Она выскочила из машины, подобрала букетик и вернулась назад.
— Не смейте больше трогать мои цветы, — проговорила она, сдувая пылинки с букетика.
— А вы не смейте бегать под окнами преступника, — заявил журналист, — тоже мне сыщик. Сидите тихо и не дергайтесь.
— Я предлагаю съесть бутерброд на брудершафт и снова перейти на ты, — проговорила девушка.
— Если ты хочешь, чтобы я тебя поцеловал, так и скажи.
— Что-о?! Да как вам в голову могло прийти такое?
Инга, надувшись, замолчала. Так они просидели минут сорок. Инга уже начала откровенно скучать, как вдруг подозреваемый вышел из дома. Направился он прямиком к телефону-автомату, долго и безуспешно пытался дозвониться кому-то, потом зашел в магазин за продуктами. Выйдя оттуда, снова позвонил из автомата. И вновь, как видно, безрезультатно. Затем вошел в подъезд.
— Он что, один живет? — спросила Инга.
— Год назад развелся с супругой на старости лет. Дочь замужем, двое детей. Живет отдельно.
Паредин потянулся за бутербродом. Вынул из пакета два с сыром, протянул один Инге.
— Слушай, может, мы зря торчим здесь? — проговорил он наконец. — Какой-то детский сад. Следим неведомо за кем. Может, милиция уже давным-давно вышла на след убийцы, а мы тут дурака валяем.

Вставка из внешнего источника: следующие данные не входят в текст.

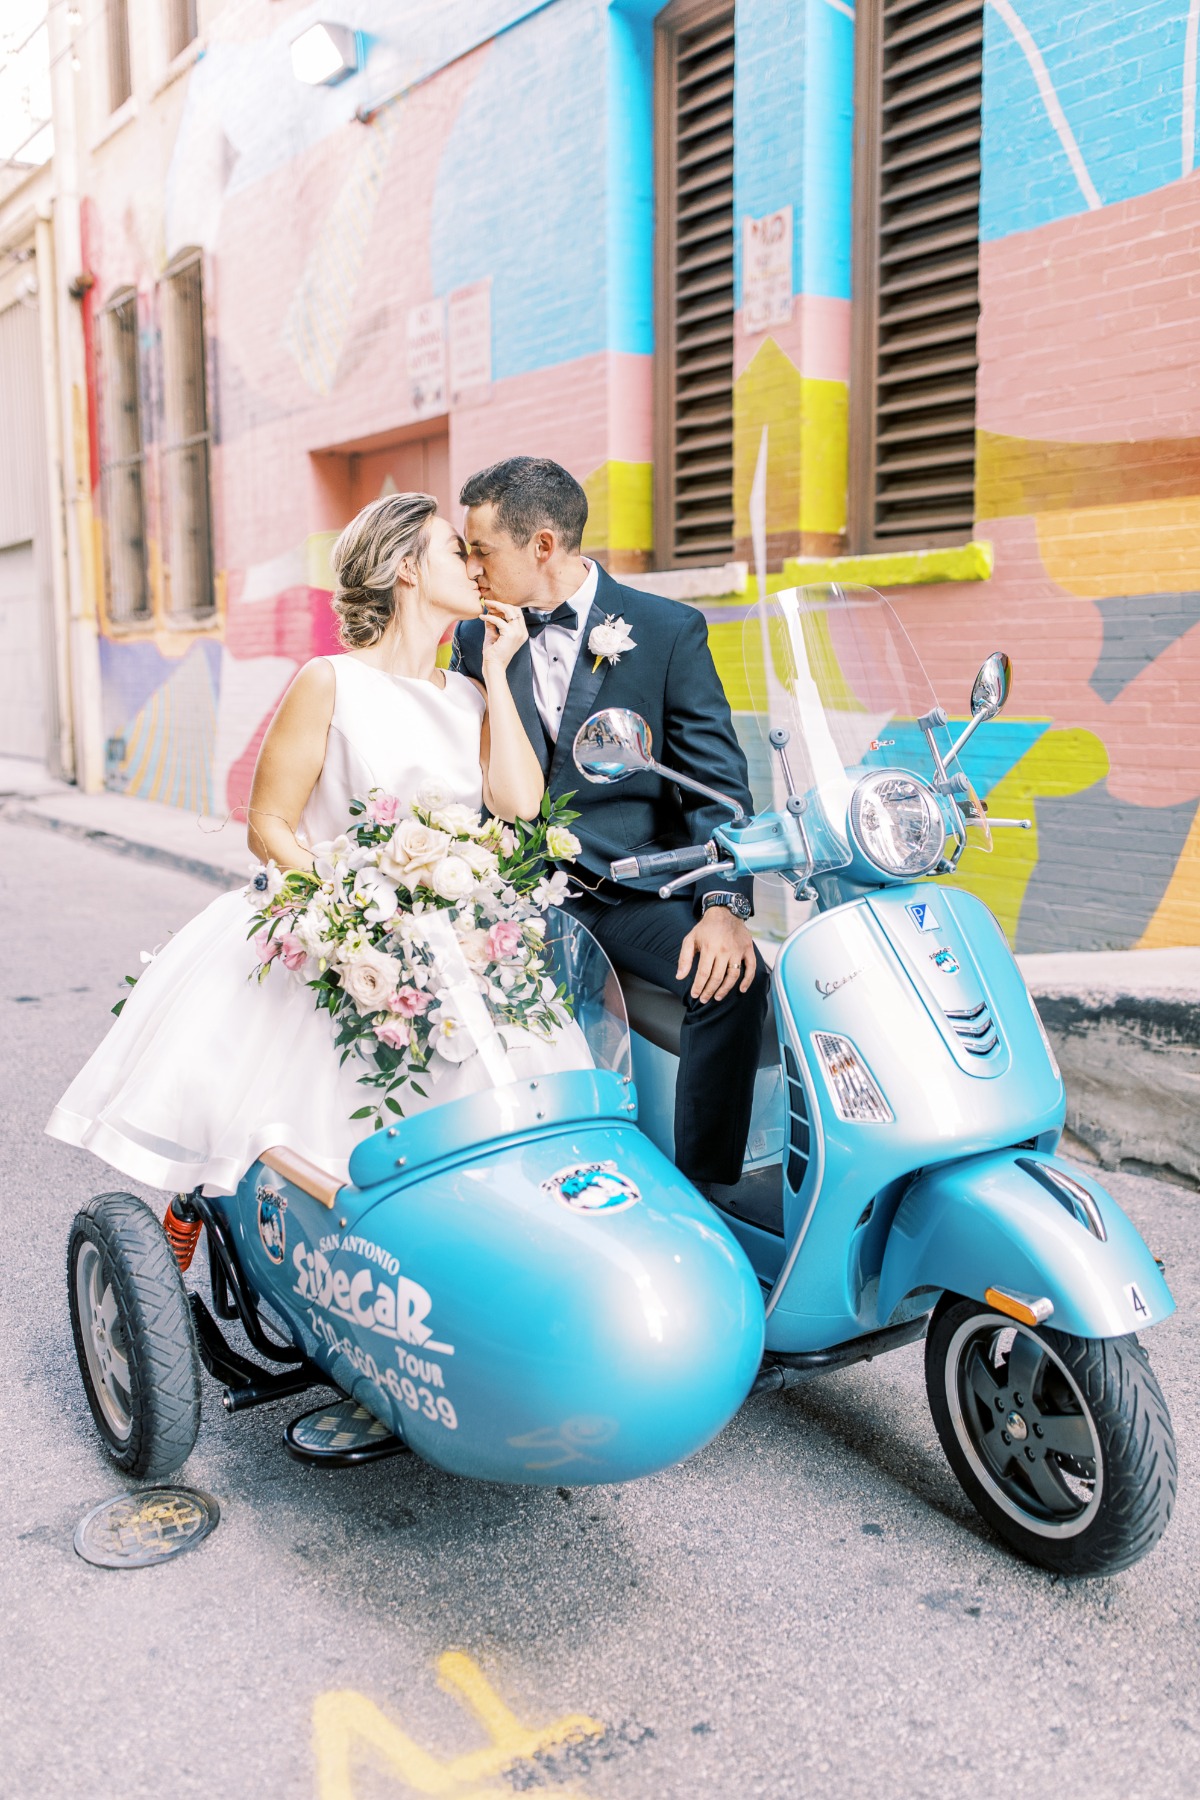 Euro Wedding Inspiration Complete With Italian Vespas and a Whiskey Tower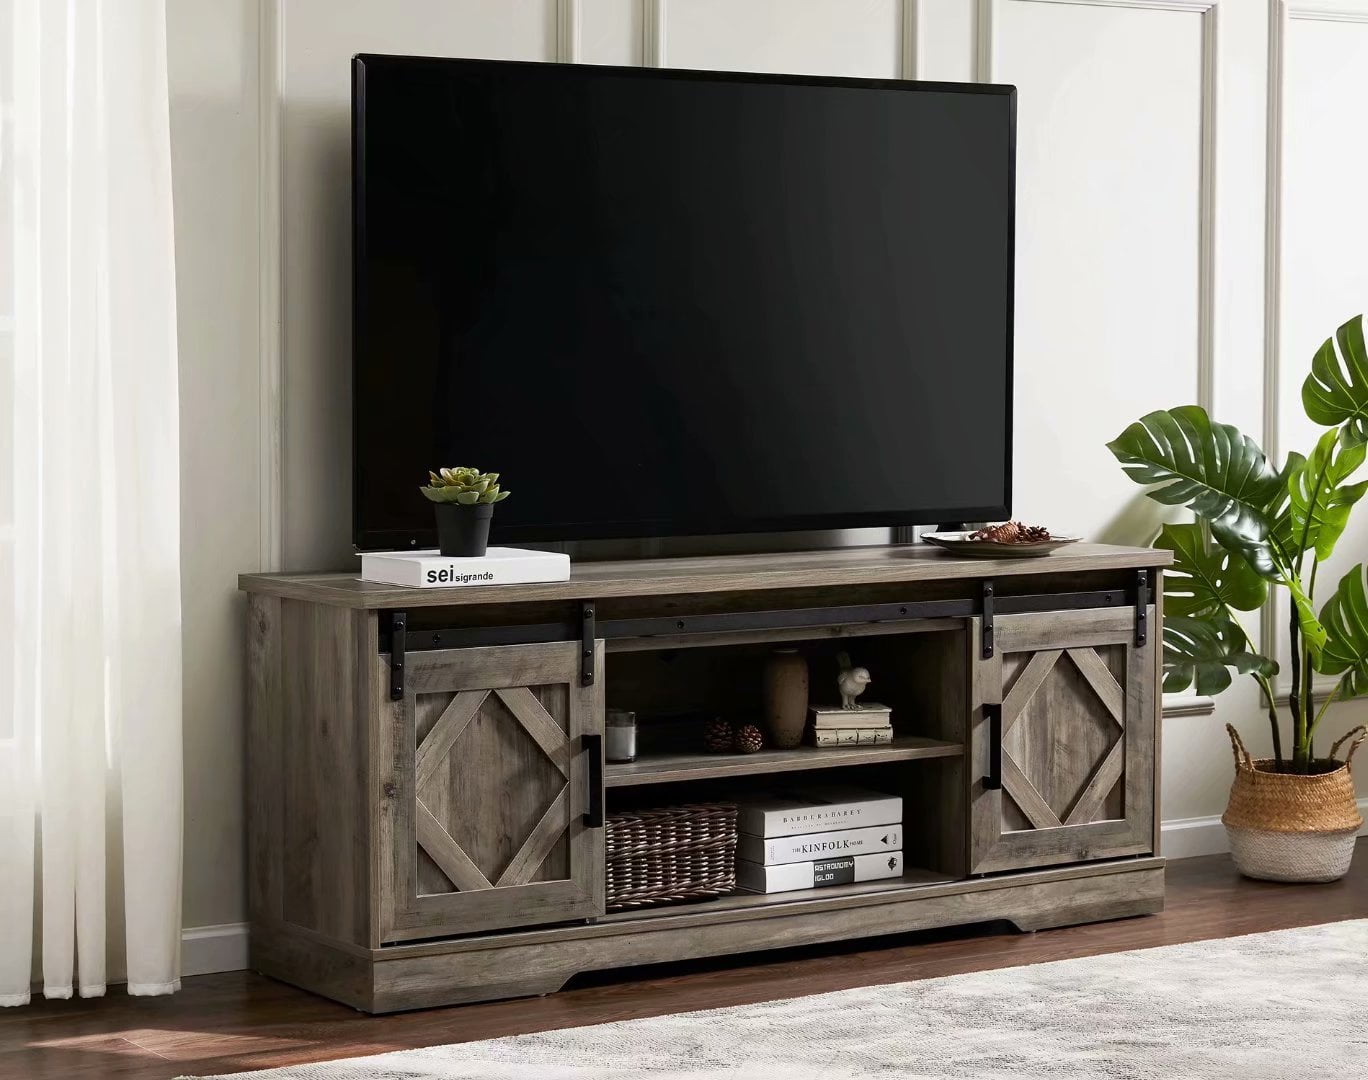 WAMPAT Farmhouse TV Stand for TV up to 65" Barn Door Media ...

— Если бы они вышли на него, Иван Максимович тебе сказал бы.
— Да ни за что! Он своих тайн не выдает. Может, они «пасут» его, собирают улики.
— А мы «пасем», но не того?
— Вот именно. Подумаешь — стоял на лестнице. Если бы он убил, так не стоял бы там, а удирал во все лопатки. Что преступник и делал. И вы после второго убийства нашли на запасной лестнице записку. Стало быть, именно там он и пробежал и в первый раз, и во второй. Значит, Козлов вне подозрений.
— А что, — ехидно спросила Инга, — на записке вот так и значится: писал убийца? Может, она вообще никакого отношения к делу не имеет? На ней же нет числа, может, она вообще написана сто лет назад?
— Следствие выяснит это.
— Как?! Спросит уборщиц: вы хорошо в тот день с утра убирали? Не видели этого клочка бумажки? И те, конечно же, ответят: убирали, не видели. А может, веником махнули два раза, а бумажка, скатанная в шарик, уже год там валяется. — Инга немного помолчала, затем задумчиво проговорила: — Неплохо было бы узнать, кому он названивает и почему из автомата? У него дома телефон, это я точно знаю.
— Звонит тому, у кого аппарат с определителем номера.
— Стало быть, шантажирует кого-то?
— Не иначе убийцу. Значит, он его видел, стоя на лестнице.
— Вот что, — сказала девушка решительно, — я поторчу у автомата и подслушаю.
— А вдруг он тебя заметит?
— Я спрячусь вон за тем строительным забором. Если дверца кабинки будет хоть чуточку приоткрыта, я все услышу.
Она выскочила из машины, быстро пересекла открытое пространство и спряталась за досками забора, примыкавшего прямо к кабинке телефона-автомата. Здесь, на месте разрушенных трехэтажек, возводили сногсшибательный дом из стекла и бетона, и стройка была окружена высоким дощатым забором. Несколько досок были отодвинуты, образуя проход. Там-то и спряталась новоявленная сыщица.